In this research, we focus on understanding the consequences of consumer behavior in two different circumstances, both under the bounded rationality framework. First, in a simulated discrete choice experiment context, in which consumers pay selective attention to the attributes of each profile. Second, in an empirical context, where consumers face a life event that makes them adjust their preferences.
In our first work, we propose the use of a machine learning approach based on Support Vector Machines (SVM), to identify the non-attendance of attributes at individual level and to predict the consumer choices in a conjoint experiment. We conduct an extensive simulation study to investigate the performance of the proposed approach. We compare the performance of our proposed approach to different benchmarks from the literature.
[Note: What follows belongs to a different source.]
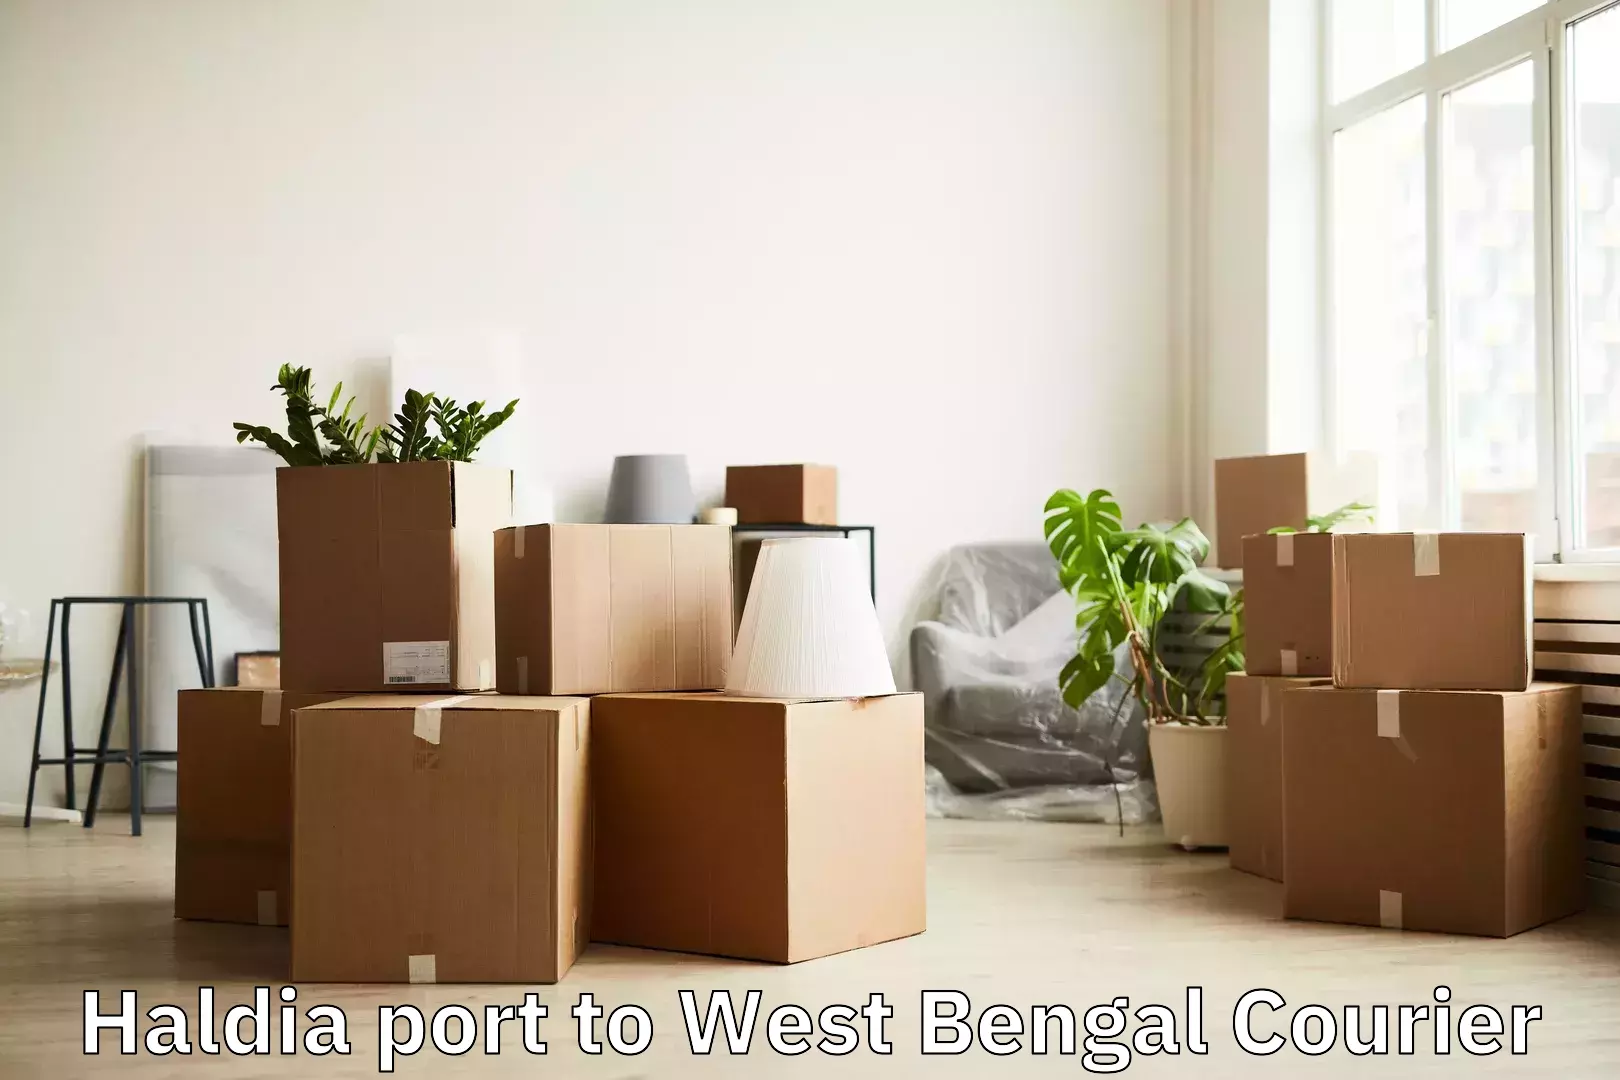 Baggage shipping experience Haldia port to West Bengal

Our results with simulated data show a better performance in terms of the identification of the non-attended attributes, that improve the predictive ability of the choices of consumers. Finally, we test our approach in two empirical applications previously reported in the literature. We demonstrate the superiority of our approach and the alternative insights derived from our method.
In our second work, we study how the consumption behavior of first-time parents is affected, both during the pregnancy period and after birth. We combine a unique dataset that identifies precisely the date of childbirth with a supermarket credit card data. We observe detailed supermarket transactions and aggregated purchases made at different external companies using the credit card, to investigate the relationship between pregnancy, childbirth and consumption. To examine the causal effect of pregnancy and childbirth on consumption, we use a causal random forest methodology. Our results show statistically significant impacts in 44\% of the analyzed product categories during the pregnancy period, and in 48\% of the product categories studied during the post-birth period.